• Home
  • Mistrz reformatorskiego wrażenia

Mistrz reformatorskiego wrażenia

18 listopada 2011 Jan Filip Staniłko Komentarz 5 min

Marek Belka zapytany w niedawnym wywiadzie, czego oczekuje od premiera odparł, „że zaskoczy pozytywnie i zapowie reformy, nawet jeśli część z nich na razie nie będzie miała znaczenia budżetowego. Trzeba je zapowiedzieć, by poprawić atmosferę wokół kraju.” No i wydaje się, że Donald Tusk wyszedł naprzeciw tym oczekiwaniom. Zapowiedział reformy, które poprawią atmosferę wokół kraju. Zresztą w poprawianiu atmosfery trudno znaleźć lepszego specjalistę w Europie.

Co dokładnie zapowiedział premier? Że deficyt sektora finansów publicznych wyniesie w 2012 r. około 3% PKB, a dług publiczny spadnie do 52% PKB. Do 2015 roku, deficyt ma zostać zredukowany do 1%. Ta konsolidacja zostanie osiągnięta następującymi środkami. Zostanie wprowadzony podatek od kopalin – w tym miedzi, srebra i gazu łupkowego. Możliwości omijania płacenia podatków, np. podatku Belki, będą eliminowane. Ograniczone lub zlikwidowane zostaną ulgi – ulgi na Internet, oraz 50% kosztów uzyskania przychodu na umowach o dzieło przy dochodach poniżej 85 tys. zł rocznie. Również ulga na dzieci zostanie uzależniona od tego progu dochodowego, ale w wypadku większej ilości dzieci, niż dwójka – wzrośnie o 50%. Premier zapowiedział dalsze używanie instrumentów finansowych w polityce prorodzinnej z utrzymaniem zasady neutralności dochodowej.

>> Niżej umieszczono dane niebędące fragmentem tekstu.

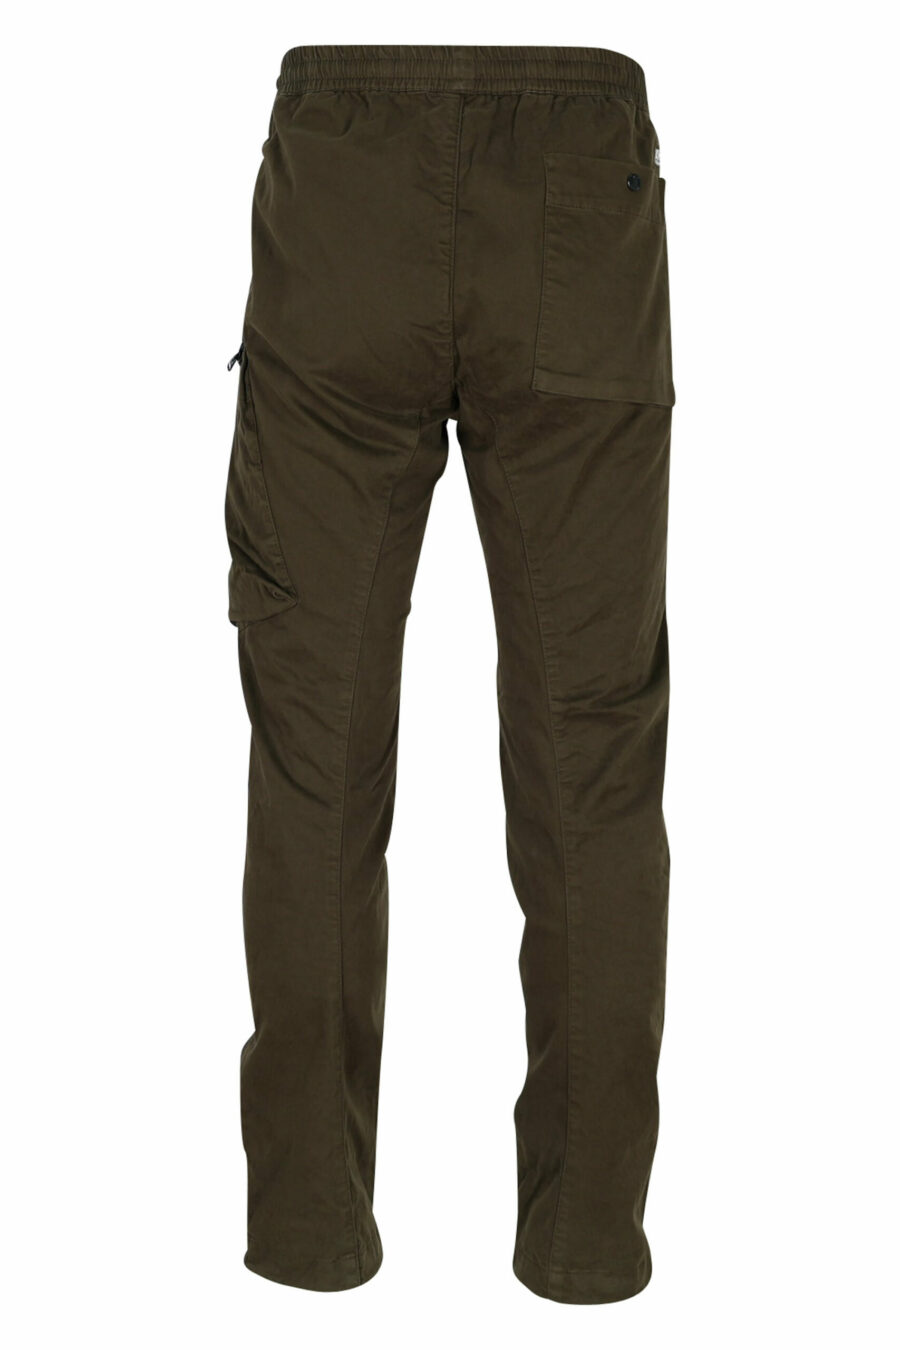 Militärgrüne Stretch-Satin-Hose mit Seitentasche und Logo-Linse - 7620943537833 2 skaliert

Premier, powołując się na ogólnoeuropejską sytuację kryzysową, zapowiedział znaczące reformy w systemie zabezpieczenia społecznego: ponowne podwyższenie składki rentowej o 2 punkty procentowe, zamianę automatycznej waloryzacji emerytur i rent, na dyskrecjonalną coroczną i kwotową, nałożenie na rolników posiadających więcej, niż 15 ha wymogu opłacania składki zdrowotnej, wprowadzenie rachunkowości w gospodarowaniu rolnym, powolne odchodzenie od KRUS i wprowadzanie rolników do systemu powszechnego, a także stopniowe zrównywanie wieku emerytalnego kobiet i mężczyzn i podwyższanie go do 67 lat (co kwartał o miesiąc). Nastąpić ma także przegląd uprawnień emerytalnych grup uprzywilejowanych – emerytury górnicze mają przysługiwać tylko górnikom dołowym, nowo zatrudniani pracownicy służb mundurowych mają zostać objęci powszechnym systemem emerytalnym, minimalna długość Służby ma wynosić 25 lat, a wiek emerytalny 55 lat. Do powszechnego systemu emerytalnego przejść mają też księża.

Donald Tusk zapowiedział także regularnie raportowaną deregulację, lepszy system stanowienia prawa, który ma ustanawiając nowe przepisy, likwidować stare oraz obcięcie o połowę liczby zawodów regulowanych. Administracja – kierowana przez nowe samodzielne ministerstwo – ma stosować nowoczesne techniki informatyczne, które w urzędach i sądach mają skrócić czas rozpatrywania spraw o 1/3. Ma być także sprawniejsza i wydawać pozwolenia na budowę w szybkim tempie.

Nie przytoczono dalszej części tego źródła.